Exercise aim =>
Could you set down exactly the lines that start at the one containing "Mariner Black Acetate" and end at the final line of the material below?

Data to examine =>
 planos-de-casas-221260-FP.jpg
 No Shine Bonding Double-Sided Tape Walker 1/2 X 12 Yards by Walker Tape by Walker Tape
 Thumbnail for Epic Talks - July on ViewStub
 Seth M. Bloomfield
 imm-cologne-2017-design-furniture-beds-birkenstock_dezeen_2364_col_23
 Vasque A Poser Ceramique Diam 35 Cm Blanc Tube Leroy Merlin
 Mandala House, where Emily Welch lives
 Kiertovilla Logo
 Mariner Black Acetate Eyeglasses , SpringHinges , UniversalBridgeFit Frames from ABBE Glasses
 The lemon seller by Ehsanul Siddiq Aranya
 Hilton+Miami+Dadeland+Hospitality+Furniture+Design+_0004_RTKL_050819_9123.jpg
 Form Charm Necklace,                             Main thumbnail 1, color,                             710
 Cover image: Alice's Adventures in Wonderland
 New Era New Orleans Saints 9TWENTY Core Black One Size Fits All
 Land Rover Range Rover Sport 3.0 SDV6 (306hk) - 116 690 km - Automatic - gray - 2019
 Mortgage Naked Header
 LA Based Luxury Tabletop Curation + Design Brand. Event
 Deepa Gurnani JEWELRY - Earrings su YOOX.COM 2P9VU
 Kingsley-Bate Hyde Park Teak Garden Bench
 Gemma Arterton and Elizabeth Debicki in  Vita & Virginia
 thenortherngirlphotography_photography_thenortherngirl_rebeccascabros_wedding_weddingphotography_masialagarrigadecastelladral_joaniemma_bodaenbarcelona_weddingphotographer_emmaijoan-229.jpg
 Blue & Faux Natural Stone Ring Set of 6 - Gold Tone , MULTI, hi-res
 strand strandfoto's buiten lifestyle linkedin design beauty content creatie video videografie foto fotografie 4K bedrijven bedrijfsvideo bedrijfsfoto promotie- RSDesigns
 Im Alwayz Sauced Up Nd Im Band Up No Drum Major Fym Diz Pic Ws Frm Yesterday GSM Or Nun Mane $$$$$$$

Finished exercise =>
 Mariner Black Acetate Eyeglasses , SpringHinges , UniversalBridgeFit Frames from ABBE Glasses
 The lemon seller by Ehsanul Siddiq Aranya
 Hilton+Miami+Dadeland+Hospitality+Furniture+Design+_0004_RTKL_050819_9123.jpg
 Form Charm Necklace,                             Main thumbnail 1, color,                             710
 Cover image: Alice's Adventures in Wonderland
 New Era New Orleans Saints 9TWENTY Core Black One Size Fits All
 Land Rover Range Rover Sport 3.0 SDV6 (306hk) - 116 690 km - Automatic - gray - 2019
 Mortgage Naked Header
 LA Based Luxury Tabletop Curation + Design Brand. Event
 Deepa Gurnani JEWELRY - Earrings su YOOX.COM 2P9VU
 Kingsley-Bate Hyde Park Teak Garden Bench
 Gemma Arterton and Elizabeth Debicki in  Vita & Virginia
 thenortherngirlphotography_photography_thenortherngirl_rebeccascabros_wedding_weddingphotography_masialagarrigadecastelladral_joaniemma_bodaenbarcelona_weddingphotographer_emmaijoan-229.jpg
 Blue & Faux Natural Stone Ring Set of 6 - Gold Tone , MULTI, hi-res
 strand strandfoto's buiten lifestyle linkedin design beauty content creatie video videografie foto fotografie 4K bedrijven bedrijfsvideo bedrijfsfoto promotie- RSDesigns
 Im Alwayz Sauced Up Nd Im Band Up No Drum Major Fym Diz Pic Ws Frm Yesterday GSM Or Nun Mane $$$$$$$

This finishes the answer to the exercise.